(Available data begins)
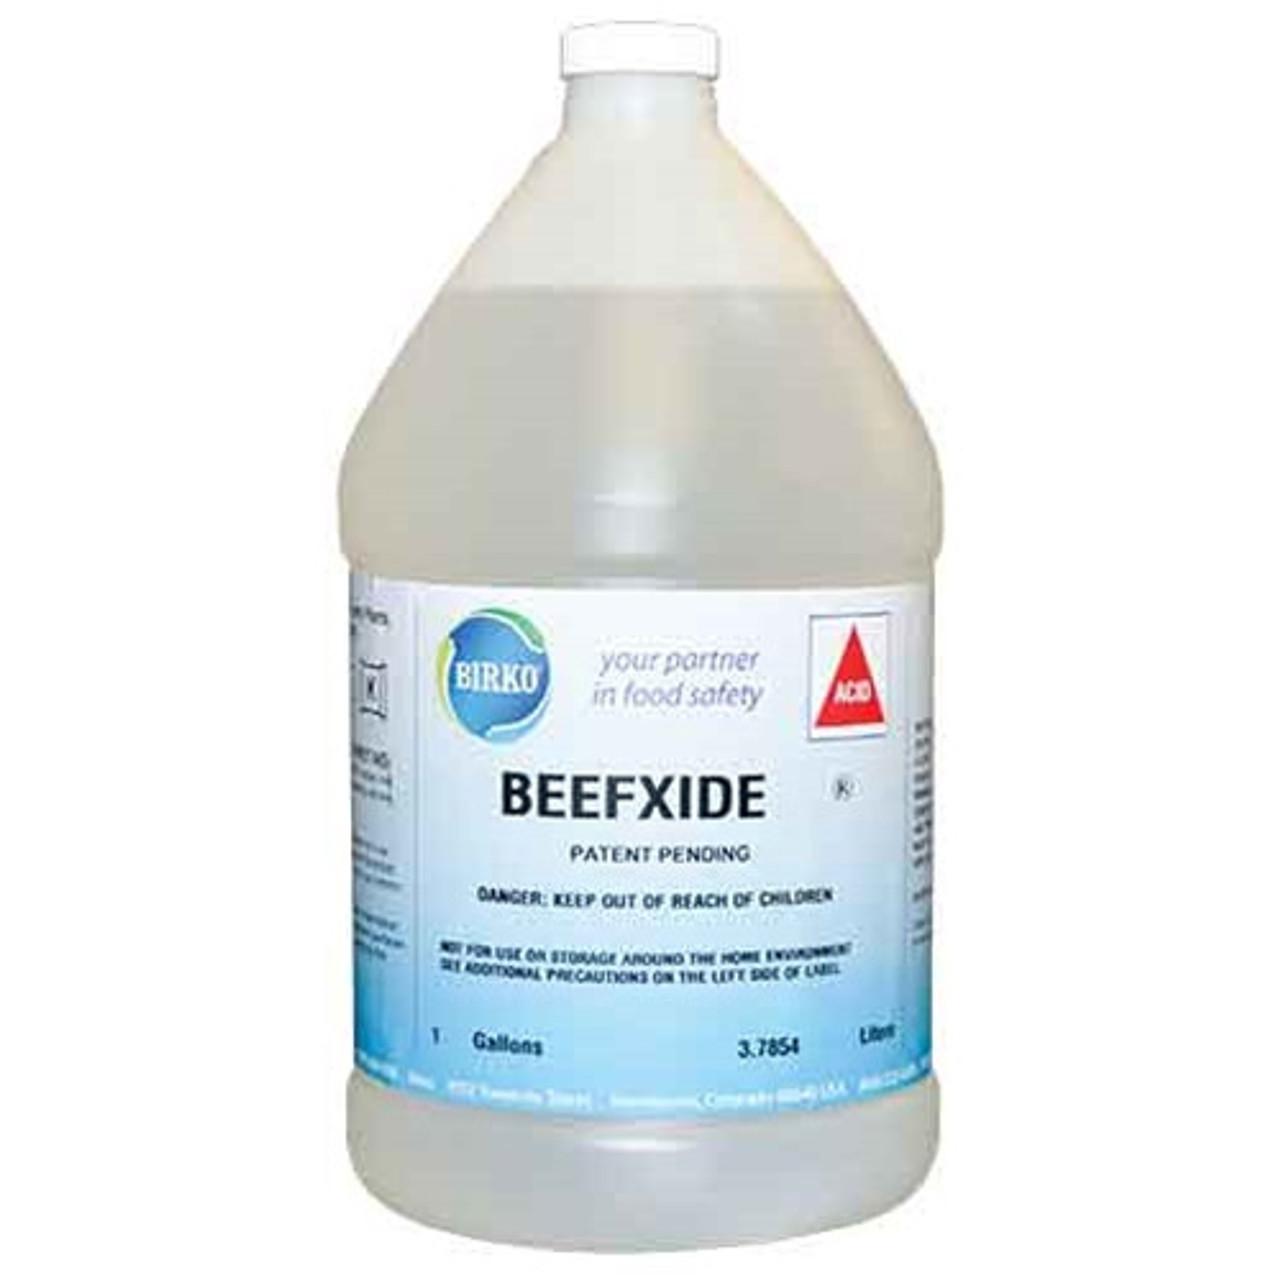 Birko Beefxide - 1 Case (4 Gallons) - I02659
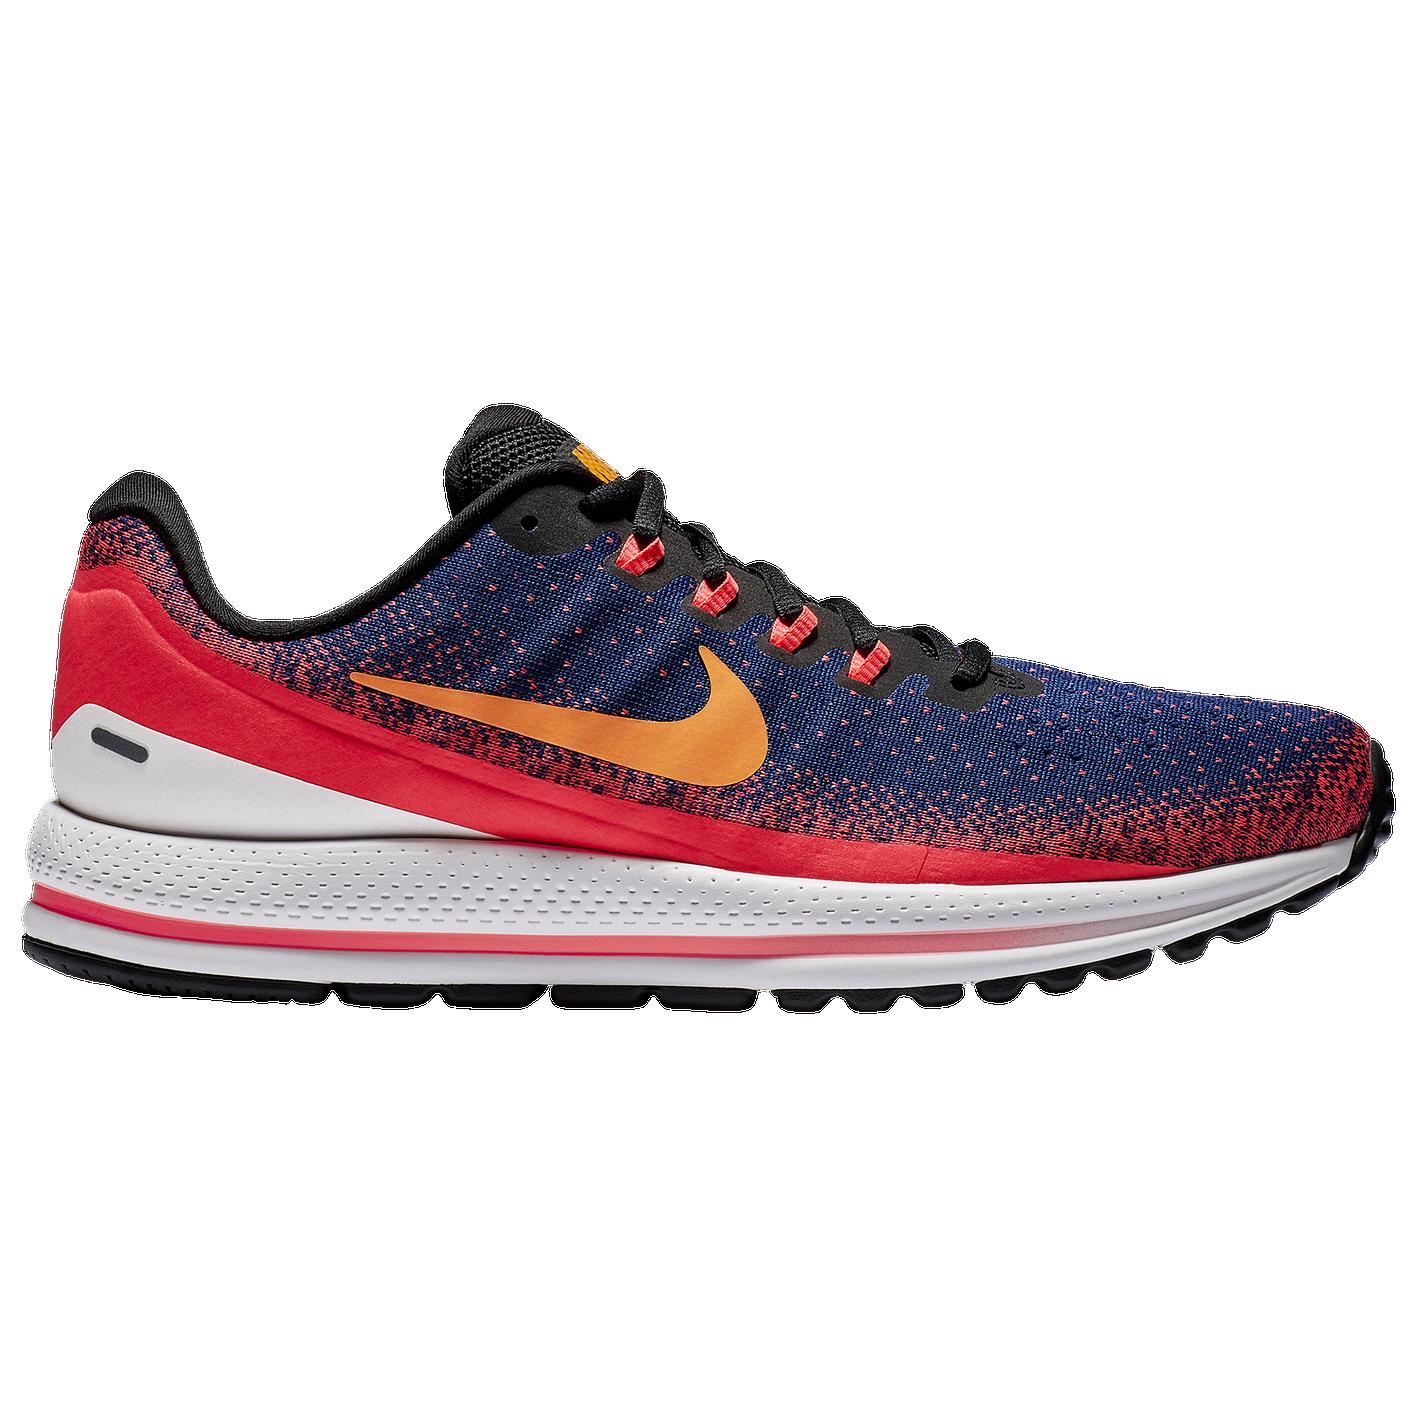 buy online 0633f 83404 Nike Air Zoom Vomero 13 - Men s
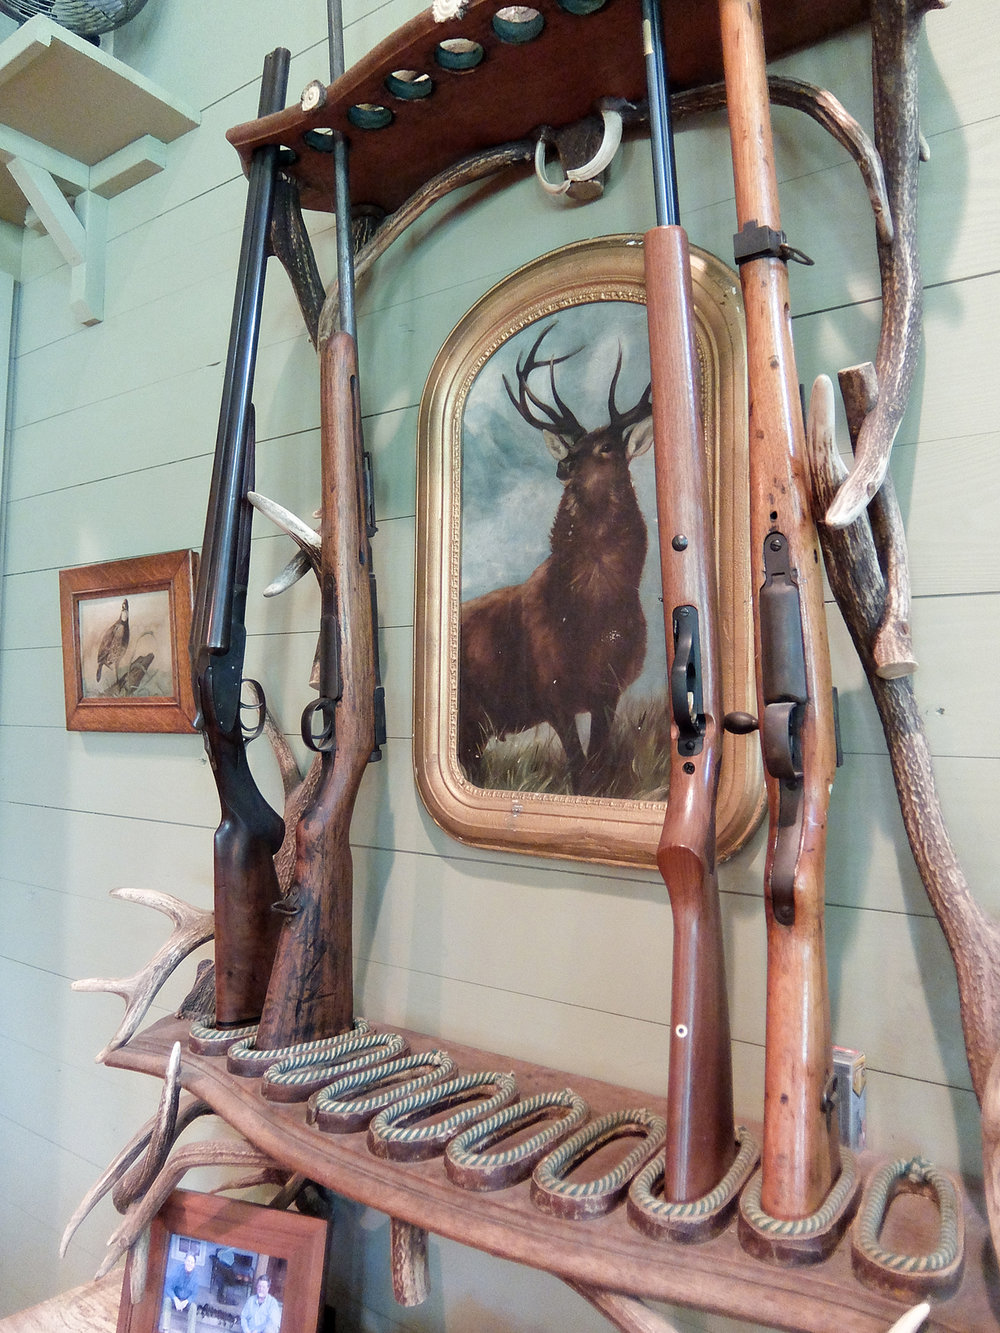 sugar_creek_farm_25_lakehouse_lake_house_den_gun_rack_farmhouse_wood_paneling_1500.jpg
(Available data ends)
Exercise instructions: Leaving the pictures aside, transcribe only the lines from the one containing "buy online 0633f" to the final line of the listing above, inclusive, exactly as they appear.

Result below:
 buy online 0633f 83404 Nike Air Zoom Vomero 13 - Men s
 sugar_creek_farm_25_lakehouse_lake_house_den_gun_rack_farmhouse_wood_paneling_1500.jpg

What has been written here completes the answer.